* INFORMATION SHOWN
------------------------------------------------------------------------
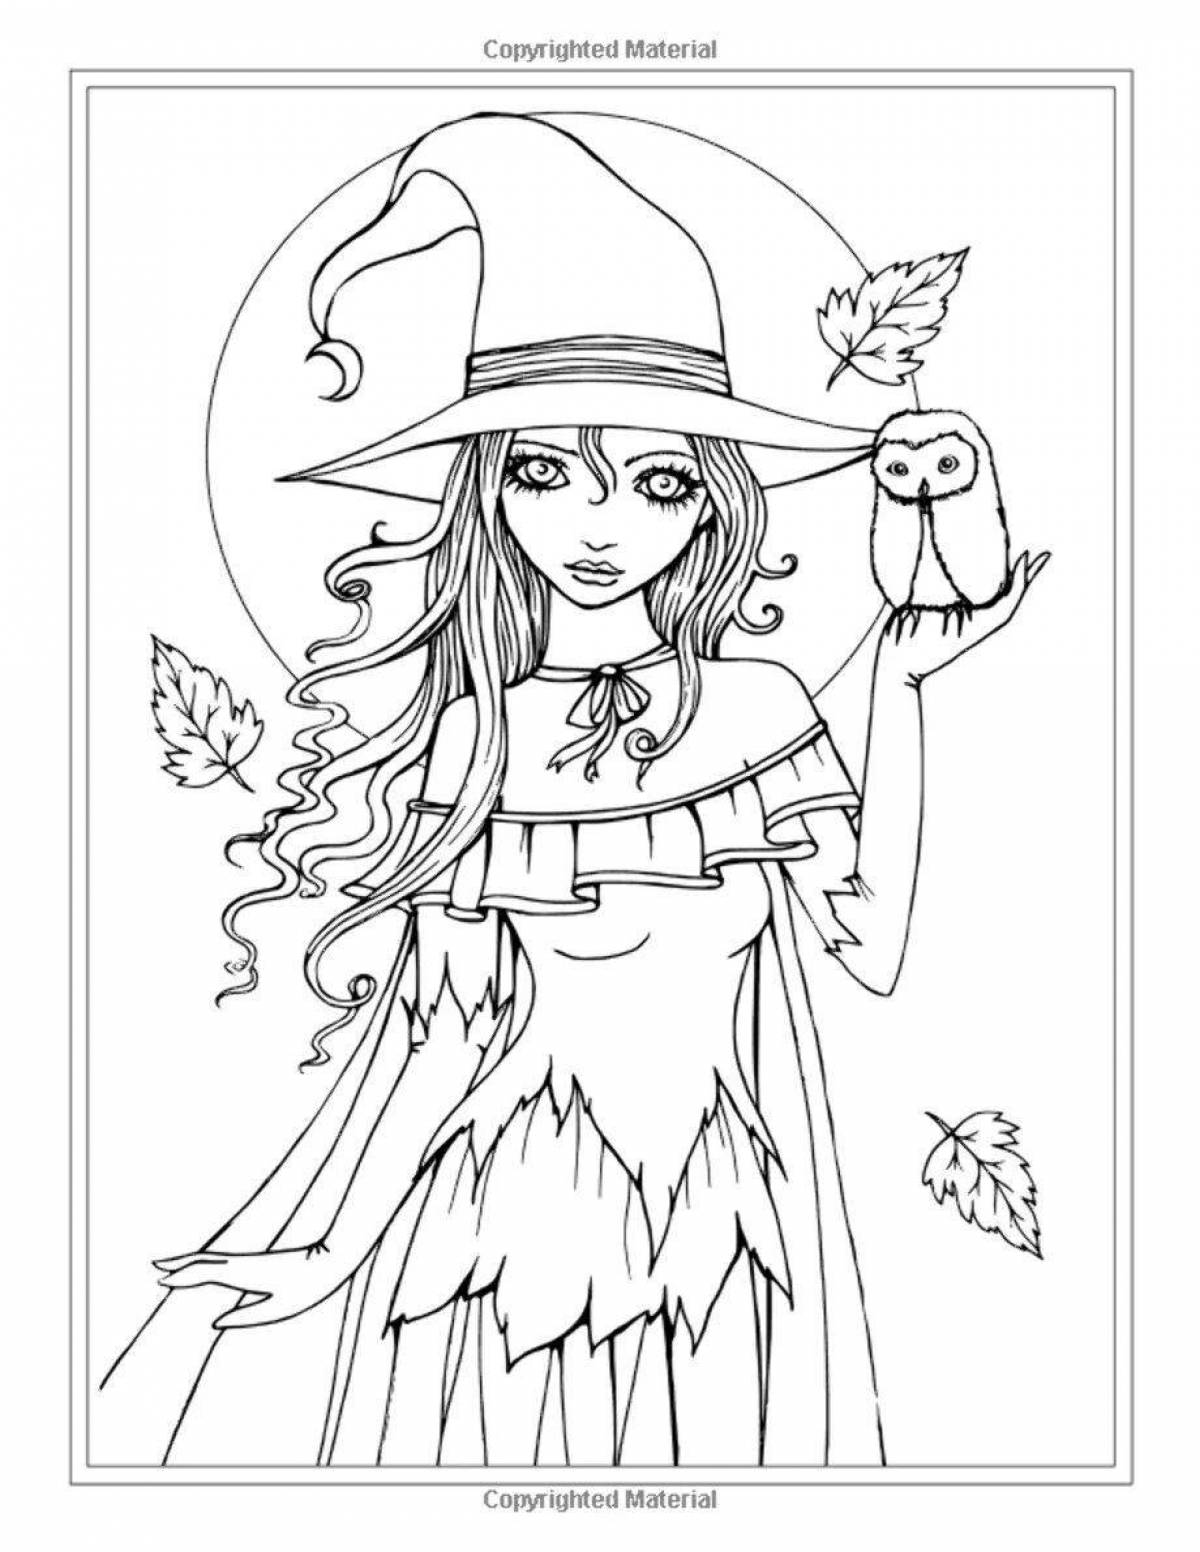 Fancy halloween coloring book for girls
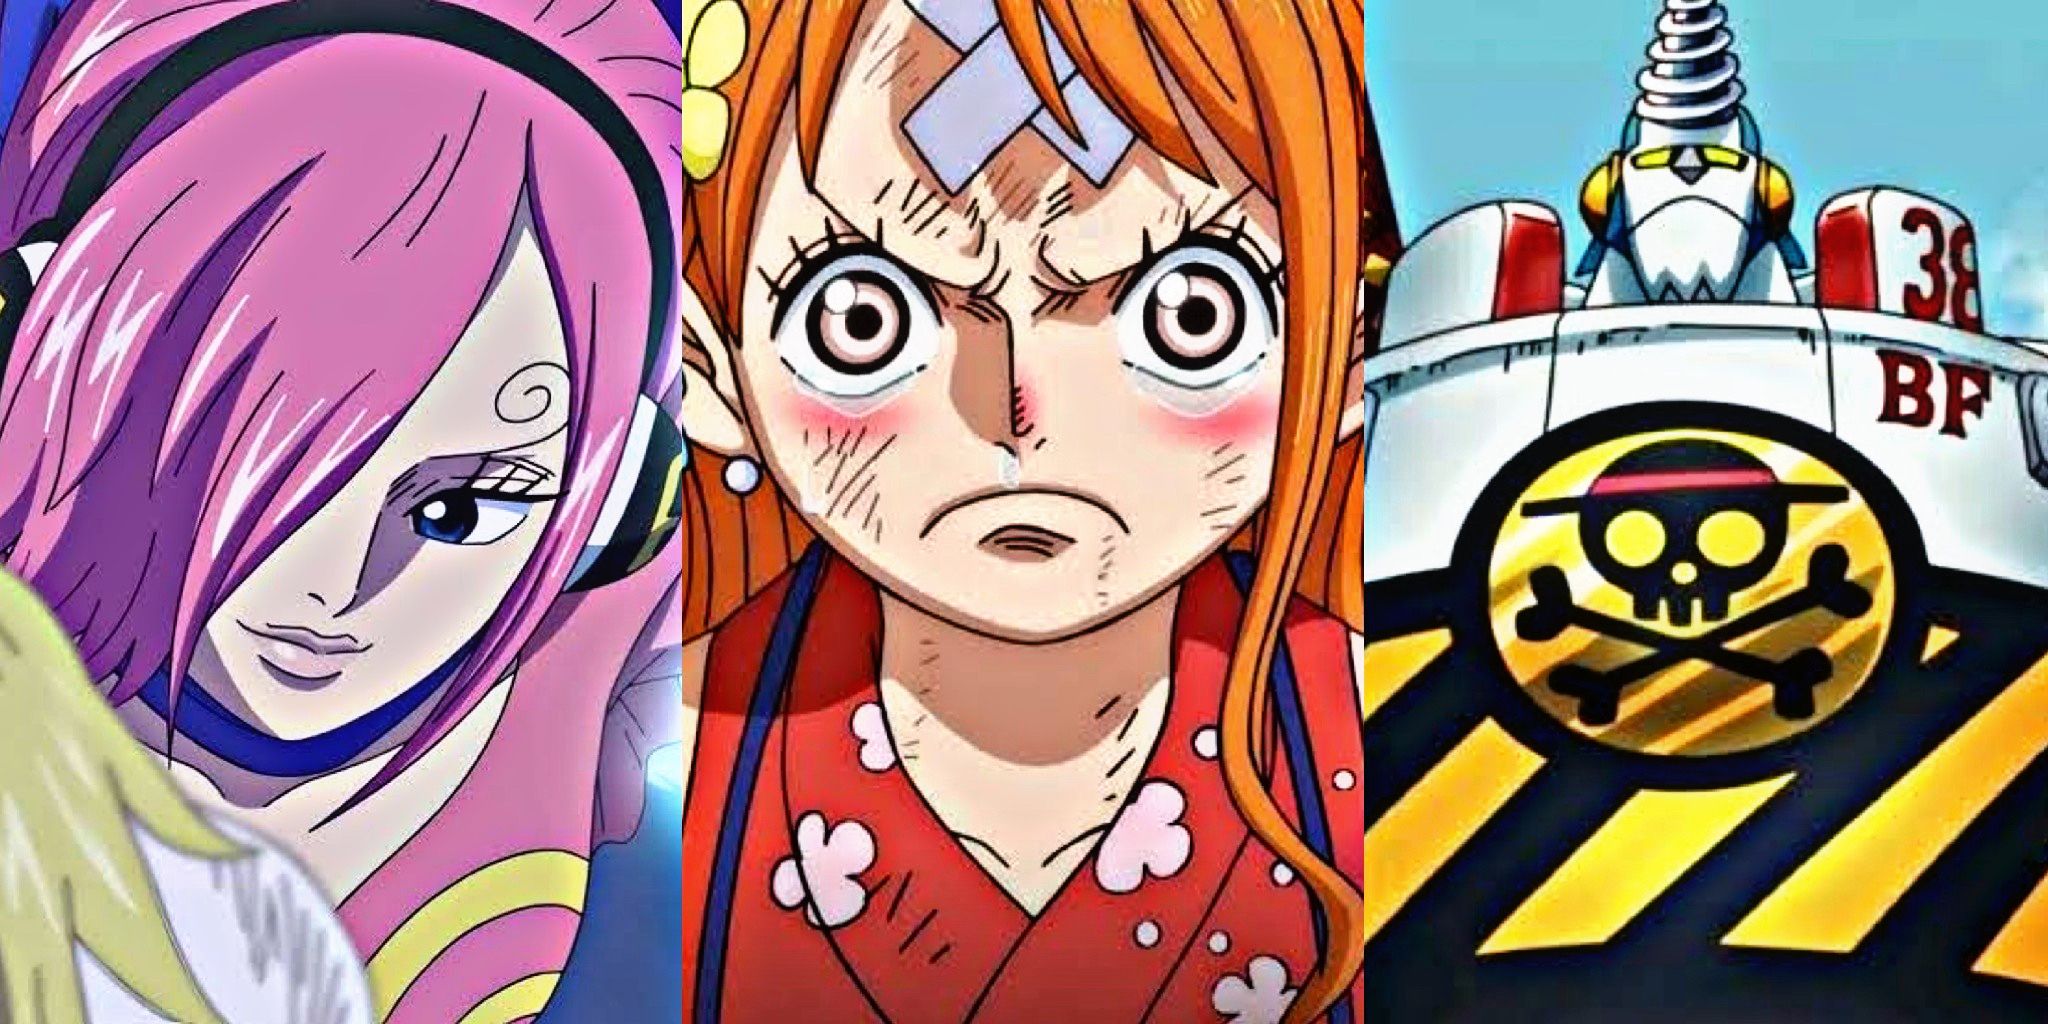 reiju nami franky strongest characters without haki or devil fruit one piece
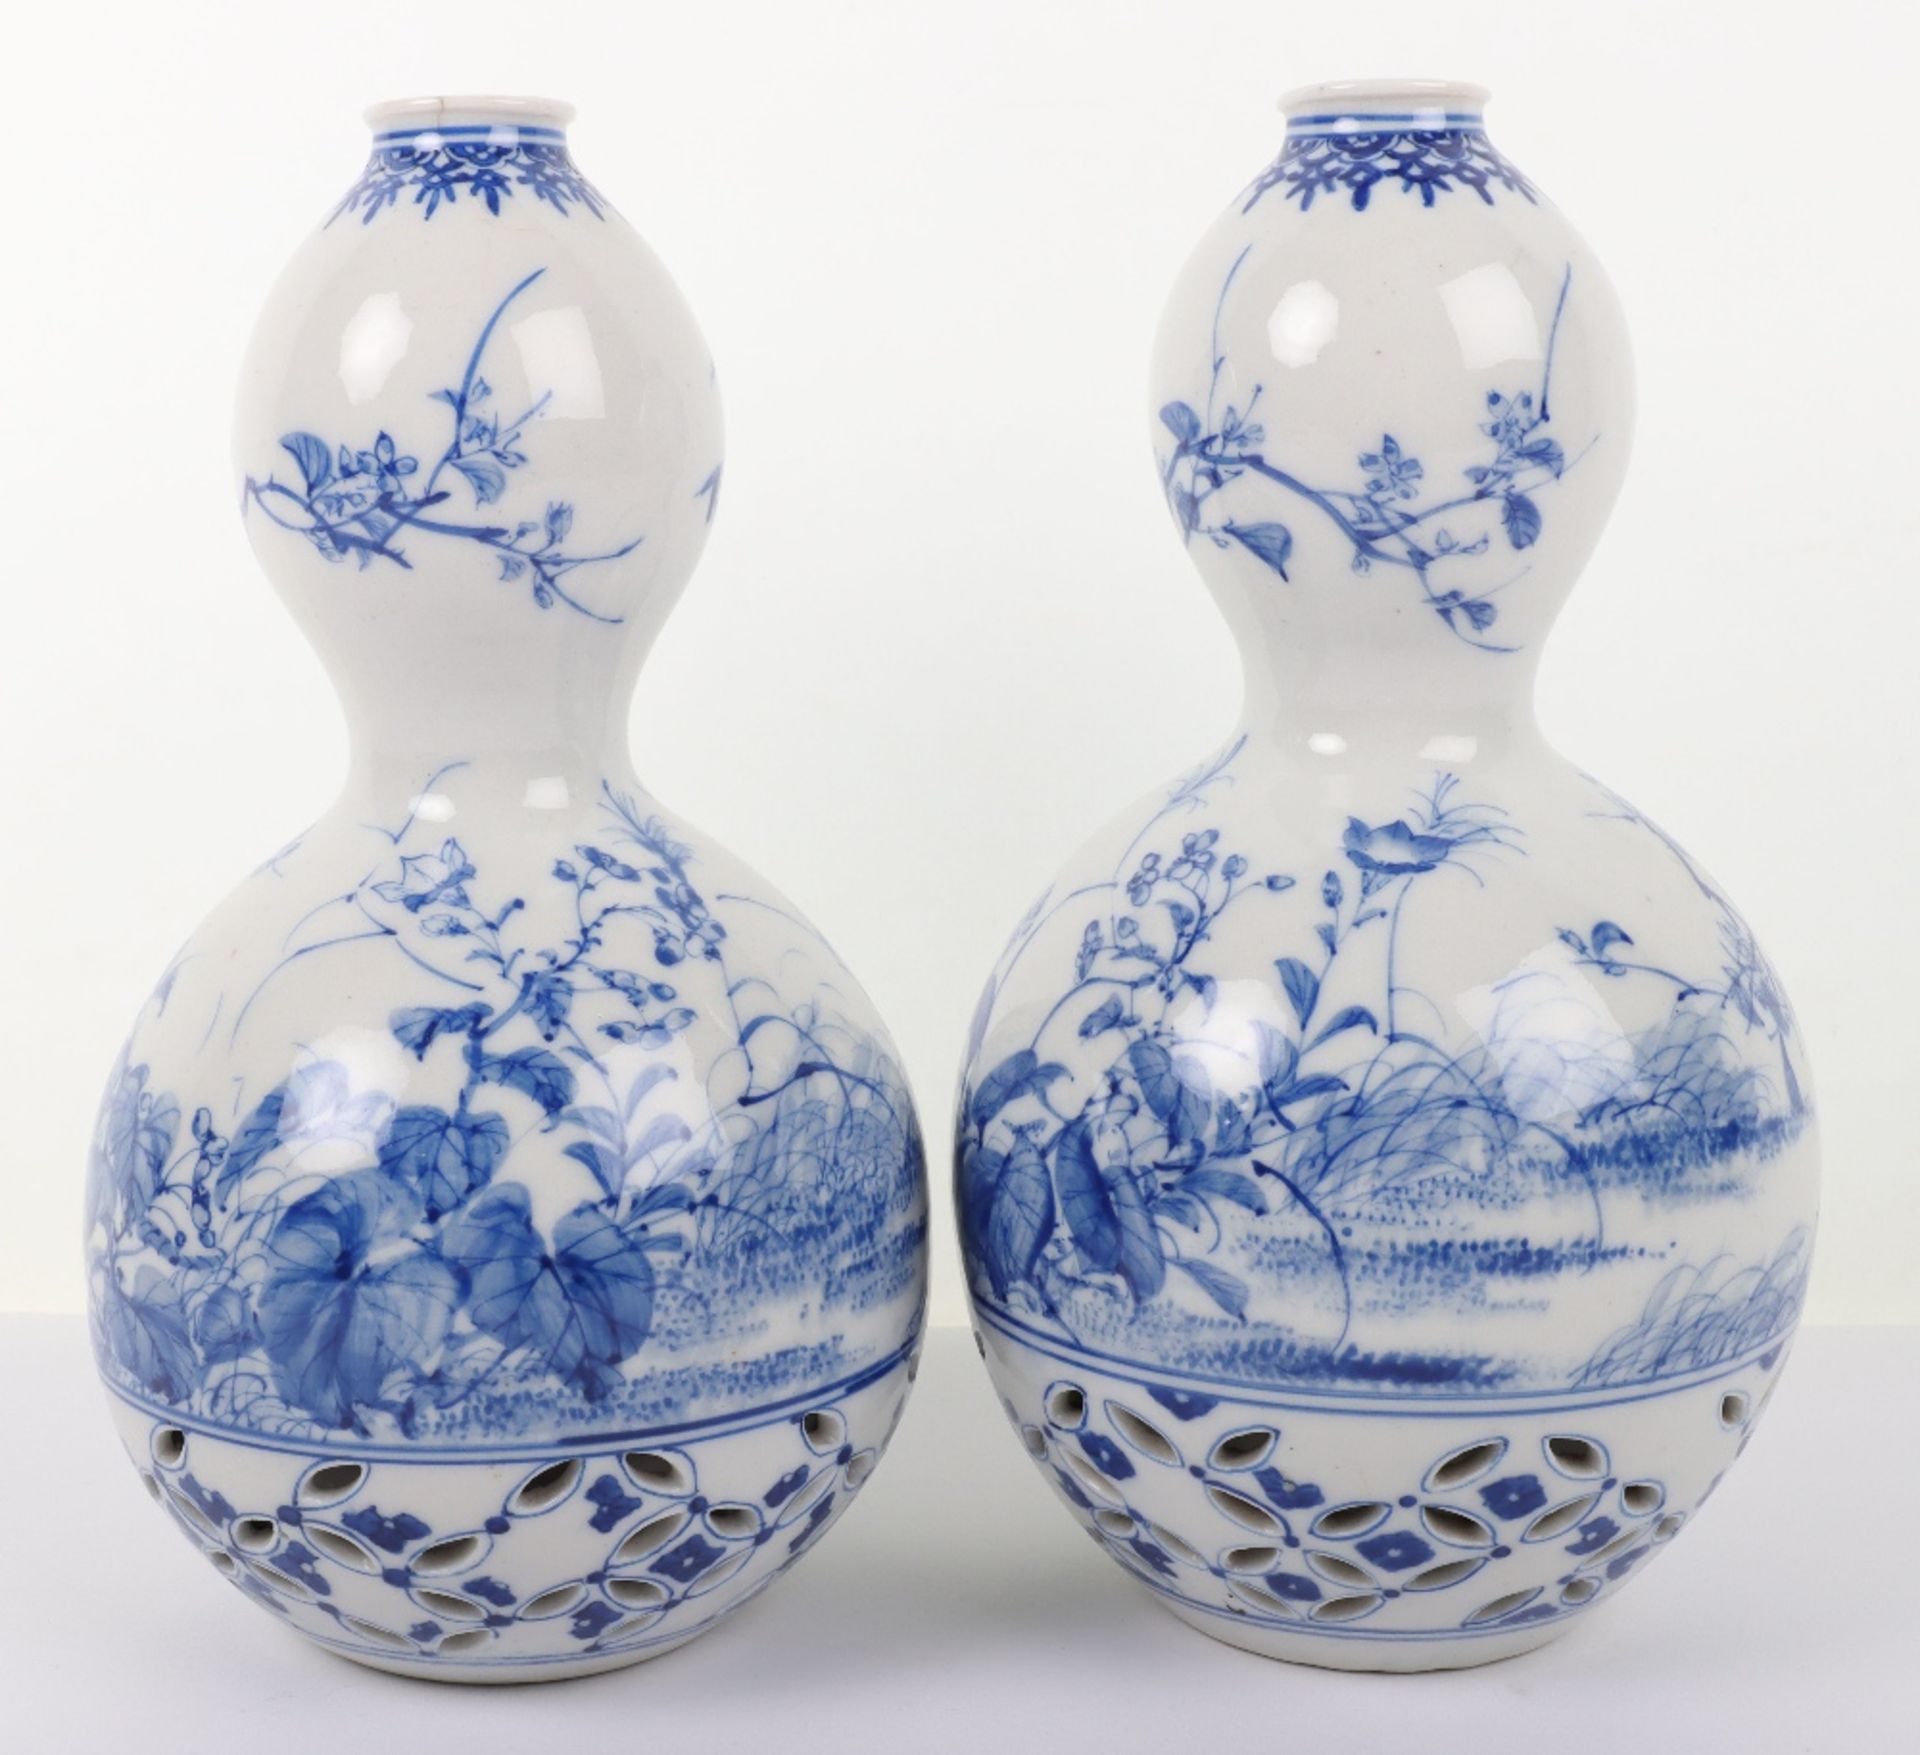 A pair of 20th century Japanese double gourd vases - Image 2 of 6
------------------------------------------------------------------------
* PROBLEM DETAILS
Please repeat the data above exactly as it appears, pictures excluded.

* FINISHED EXERCISE
 Fancy halloween coloring book for girls
 reiju nami franky strongest characters without haki or devil fruit one piece
 A pair of 20th century Japanese double gourd vases - Image 2 of 6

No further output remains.